Fig. 12.1
Representative image of basal plasmacytosis in severely active chronic colitis. This image demonstrates colonic mucosa with marked crypt distortion, crypt abscesses, expansion of lamina propria by a chronic lymphoplasmacytic infiltrate with prominent basal plasmacytosis (outlined by brackets). (Hematoxylin and eosin, ×100)
The clinical importance of MH in UC is independent of treatment type and is true across all drug classes. Meucci and colleagues showed that UC patients who attained clinical and endoscopic remission treated with oral and topical mesalamine for 6 weeks had a 23 % 1-year relapse rate in contrast to an 80 % relapse rate for patients who only went into clinical remission (P < 0.0001) [12]. Ardizzone et al. found that patients who achieved endoscopic remission at 3 months after their first course of corticosteroids were less likely to be hospitalized (25 vs. 49 %, P = 0.015) or require a colectomy (3 vs. 18 %, P = 0.027 ) over a 5-year follow-up period compared to patients who were in clinical remission but had persistent mucosal disease [13]. Similar results were observed in the ACT1 and ACT2 UC infliximab trials, in which MH at 8 weeks of infliximab treatment significantly decreased the 1-year risk of colectomy compared with treated patients without MH (p <0.001) and correlated with increased rates of clinical and corticosteroid free remission at 30 and 54 weeks (p <0.0001) [14].
Significance of Mucosal Healing in Crohn’s Disease
MH appears to be important for CD, but its significance and application in CD is less clear-cut than in UC. CD involves transmural injury and locations in the intestine that may not be accessible to endoscopy [3]. As in UC, multiple studies, particularly from the Groupe d’Etudes Therapeutiques des Affections Inflammatoires Digestive (GETAID), have found that clinical symptoms and mucosal disease activity do not often correlate in CD. For example Modigliani and colleagues found that only 29 % of colonic and ileocolonic Crohn’s disease patients who achieved corticosteroid-induced clinical remission also attained endoscopic remission [15]. Accordingly, the objective nature of MH may prove to be a worthwhile treatment goal rather than subjective clinical remission to decrease the risk of progressive and irreversible tissue destruction seen in CD, such as intestinal strictures and penetrating complications. Ultimately a measure of structural damage that accounts for the transmural process of CD would be a valuable tool for assessing disease progression or improvement to treatment. Lemann and colleagues have initiated such a CD scoring system that accounts for disease involvement beyond endoscopic mucosal assessment [16].

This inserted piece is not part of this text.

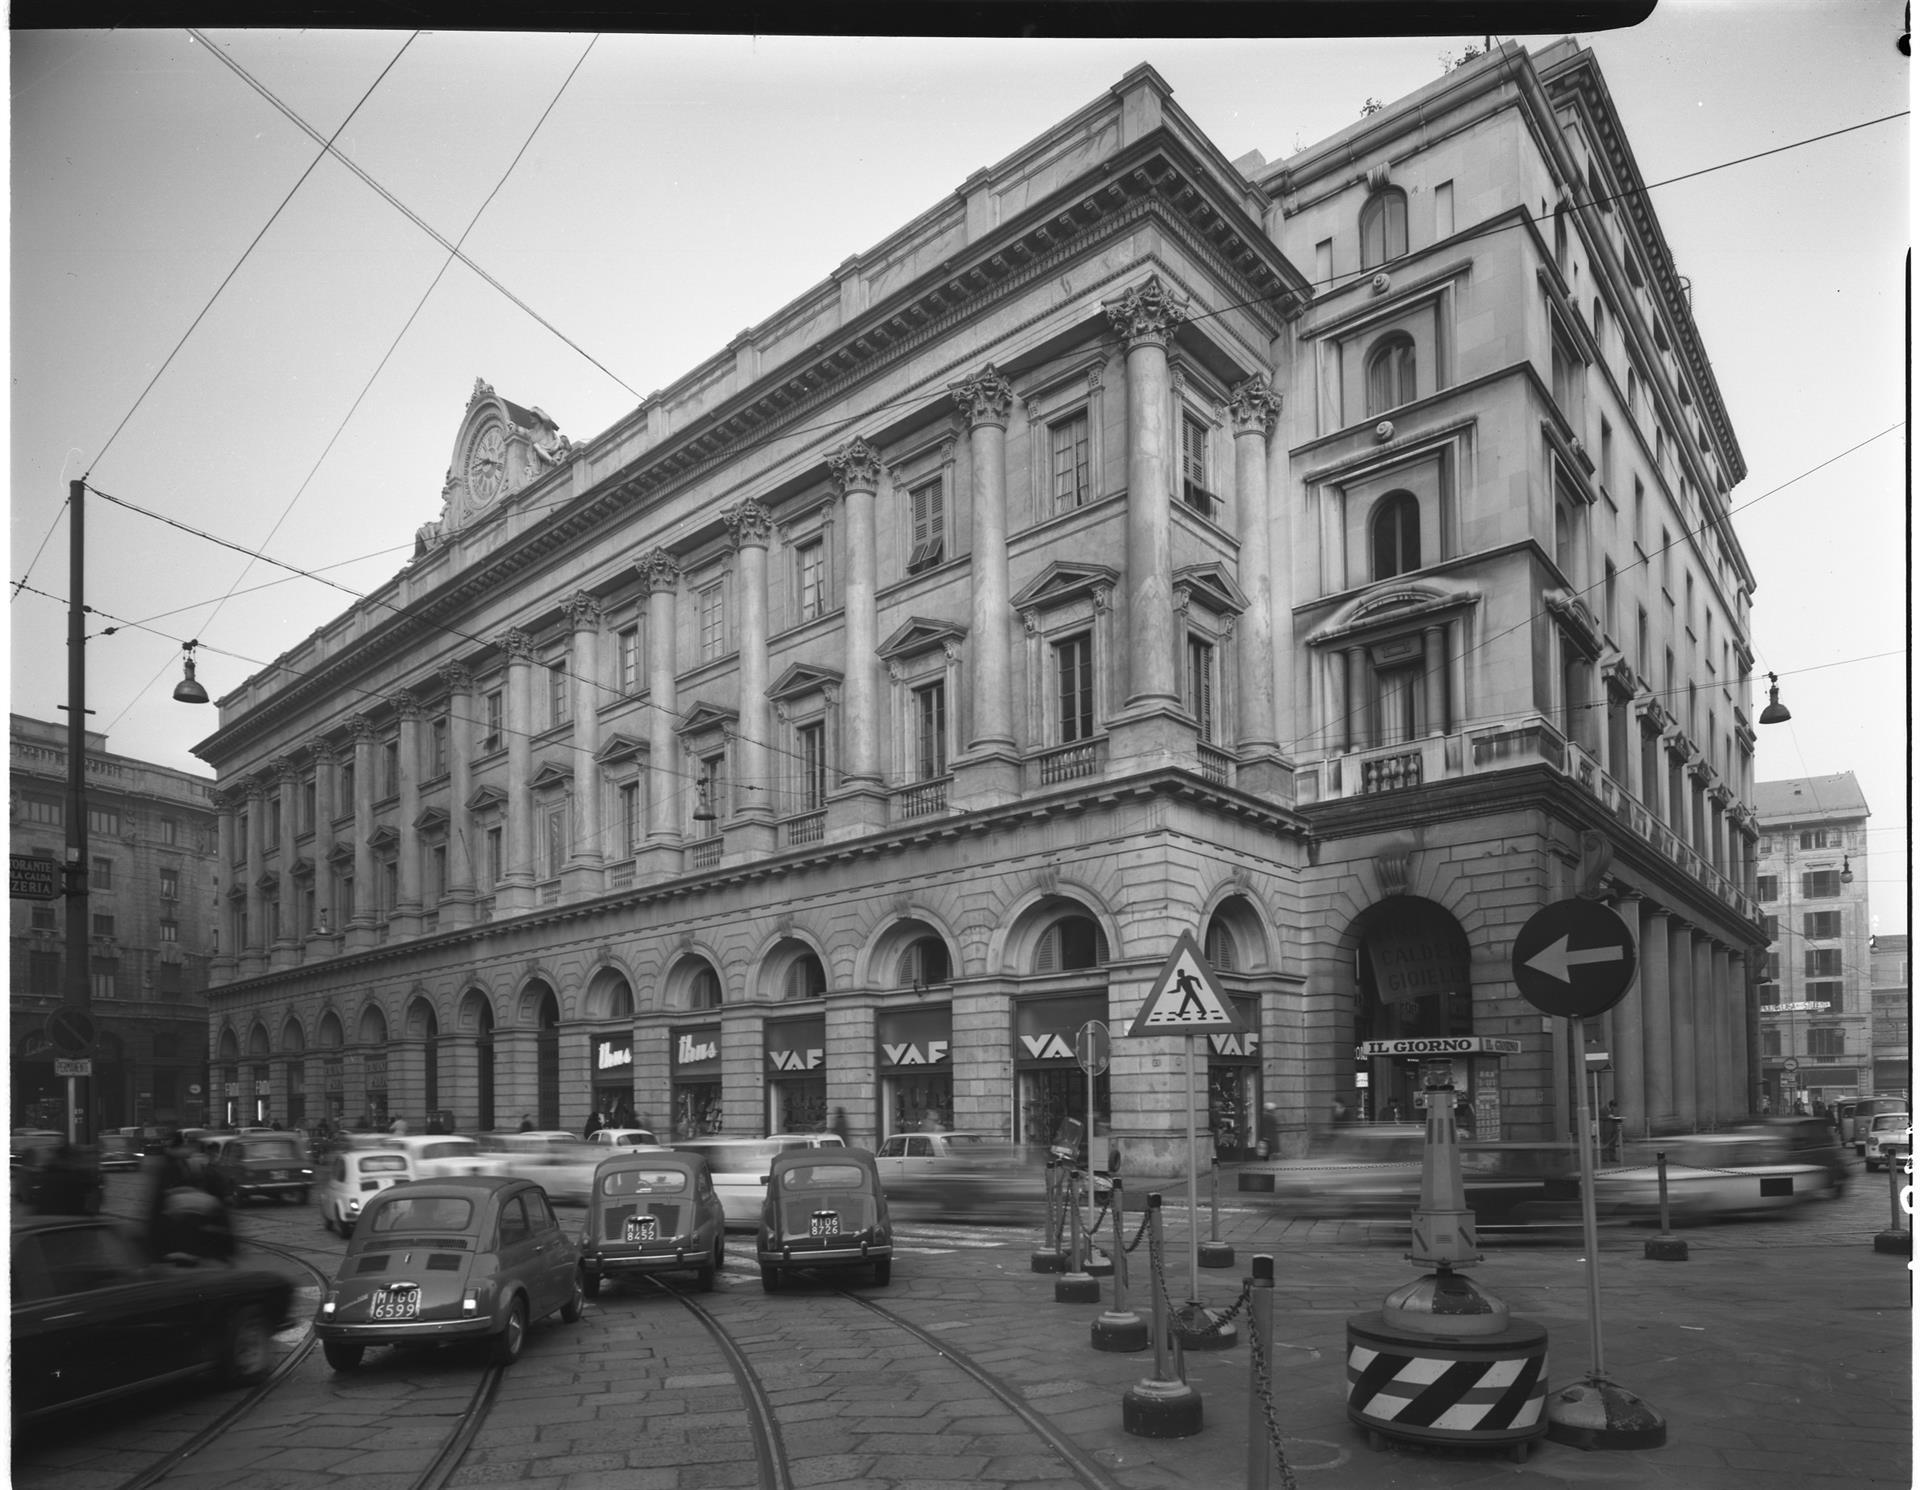 Palazzo VFD

The IBSEN cohort study demonstrated that Crohn’s patients who developed MH at 1 year after diagnosis were less likely to require intestinal resection by 5 years compared to patients without MH (11 % vs. 20 %) [6], and this difference became significant by 10 years and translated into a 60 % risk reduction [17]. Similarly, Baert and colleagues found that complete MH at 2 years after CD diagnosis and treatment initiation was the only predictive factor that correlated with a sustained corticosteroid-free clinical remission, as 71 % of patients with MH were in remission at 3 and 4 years of follow-up compared to only 27 % of patients who had persistent disease activity at 2 years (P = 0.036) [18].
As in UC, the clinical significance of mucosal healing appears to be independent of treatment choice. In a study detailing the superiority of azathioprine versus budesonide at inducing and maintaining complete or partial MH after 1 year of treatment (83 % vs. 24 %, p = 0.0001), azathioprine-treated patients also had a higher rate of clinical remission over an 18 month follow-up period (76 vs. 36 %, respectively, P = 0.03) [19]. Regarding tumor necrosis factor (TNF) inhibitors, Schnitzler and colleagues prospectively investigated a cohort of CD patients treated with infliximab and found those patients who achieved complete or partial MH required fewer hospitalizations (42 vs. 59 %, P = 0.0018) and less major abdominal surgery (14 vs. 38 %, P < 0.0001) than CD patients with no MH [20]. Likewise, in a subgroup analysis of the randomized maintenance infliximab ACCENT 1 trial (A Crohn’s Disease Clinical Trial Evaluating Infliximab in a New Long-term Treatment Program), 18 % of CD patients in endoscopic remission at either 10 and/or 54 weeks of treatment had CD-related hospital admissions compared to 28 % of patients with no healing at either time point, and none of the 9 patients who had MH at both time points required hospitalization at 1 year follow-up [21].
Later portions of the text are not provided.